Shorter Neg. Battery Cable
I spent extra time making sure the battery terminals and solenoid connections were clean this fall in order to head off this very situation. I've never been impressed with the puny factory battery cables and especially the super-long negative cable. My plan is to replace it with a heavier gauge, shorter cable--grounded to the front of the motor. I've not tried jumping the solenoid to start the truck yet, but will do that first.
Does anyone know why it would need to be so long anyway? ...or have any ideas/suggestions. Thanks!
https://www.ford-trucks.com/forums/8...ast-night.html
Quick gave me the same advice and upon searching you will find that the spade connector is the culprit most of the time. It just didn't happen to be with my truck.

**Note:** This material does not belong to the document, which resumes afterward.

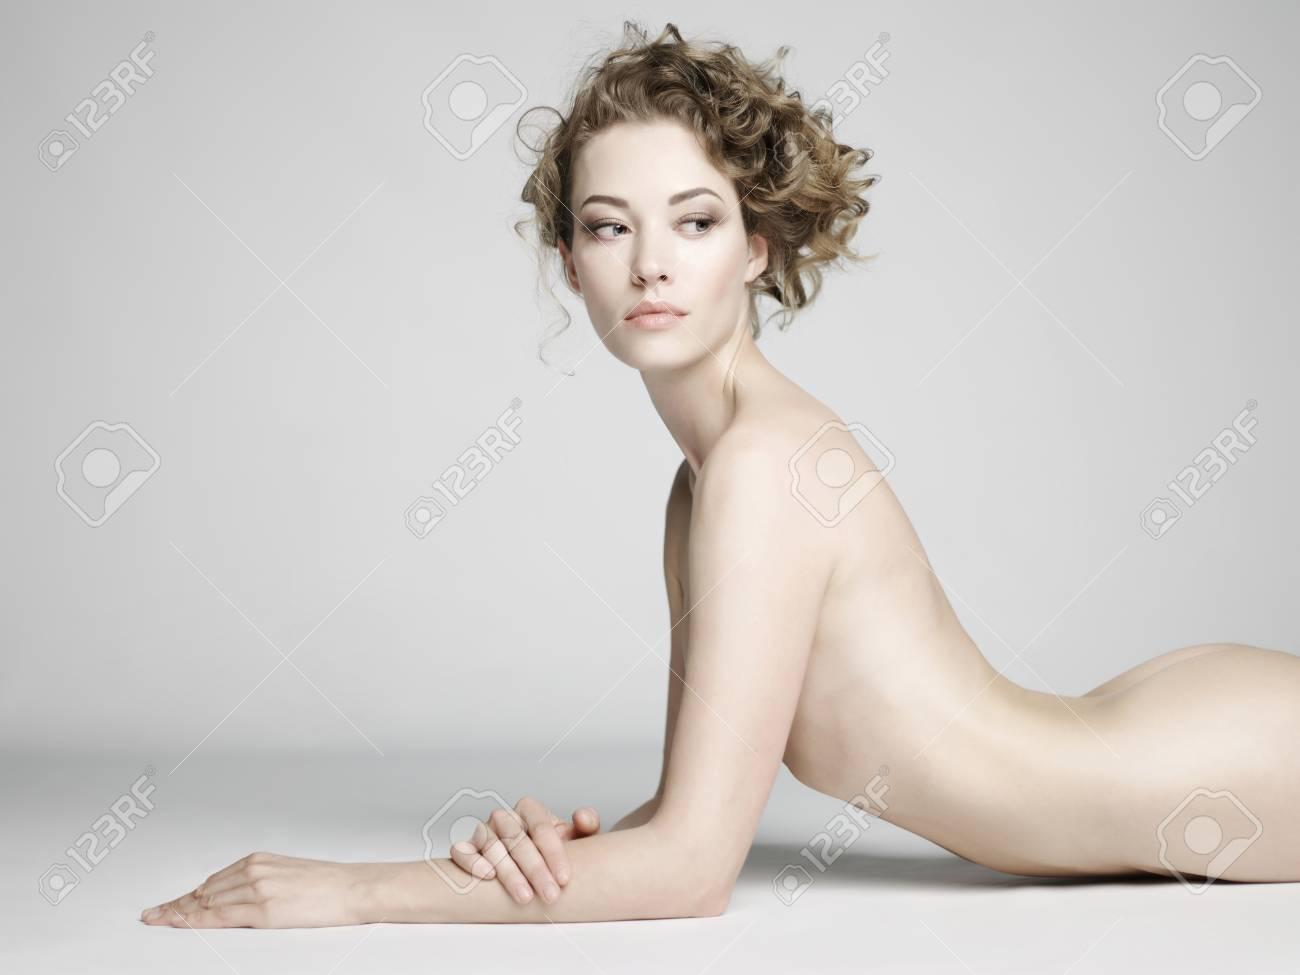 Erotic sex photographs women beautiful

Bottom line is that it could be a number of things so what you do is rule them out in order of how easy they are to rule out. So here is how I would do it if I had to do it all over again. I would have saved myself countless hours.
1. Clean all connections (you say you already did this)
2. you get the click so your relay is probably OK. I wouldn't go out and get a new one just yet.
3. Use jumper cables to bypass (augment) battery cables. Drop one end of the cables down next to the engine to the starter and clip them on where the cables clip on. Clip the other ends to the battery. If the truck starts then you know at least one of your cables is bad (my positive cable was corroded where it went into the terminal.) If no start then its probably not cables. If it's a cable, disconnect one of the jumper ends at the battery and try to restart again. If it starts then it wasn't the cable on that side you disconnected. Disconnect the other just to make sure.
4. Clean/replace spade connector. I just cut off the OE part and crimped on another. I covered it in black heat shrink first. This takes all of 5-10 minutes.
5. Refurbish/replace starter. I did this as step 2. Bought a rebuild kit for $30 at Checker and spent at least an hour doing the rebuild. If I'd have done step 2 before this step, I'd have saved myself a ton of time. No biggie though, now I have a new spade terminal and rebuilt starter (The rear bushing was shot anyway.)
That's about all I've got so good luck knock yourself out. That jumper cable idea was a great trick. I wish I'd have thought of it.
I did get her started tonight after jumping from the neg. post to the engine block. It fired up IMMEDIATELY once I had a good connection....faster than I've ever witnessed before. I'm going to spend more time on this soon. I won't be surprised to find more than one bum cable.
Sounds like you need a negative cable. What I found in my red cable was that the corrosion from the terminal made it down into the cable insulation quite a ways. I cut off 4-5 inches and there was still gunk down there. I'm guessing the problem was where the cable is soldered into the terminal. When I finally replace it I'm gonna check it real good at the connecting point and I bet it's real corroded in there. I bet the cold probably contracted things enough that the connection isn't much good anymore. It's probably the same with your negarive cable.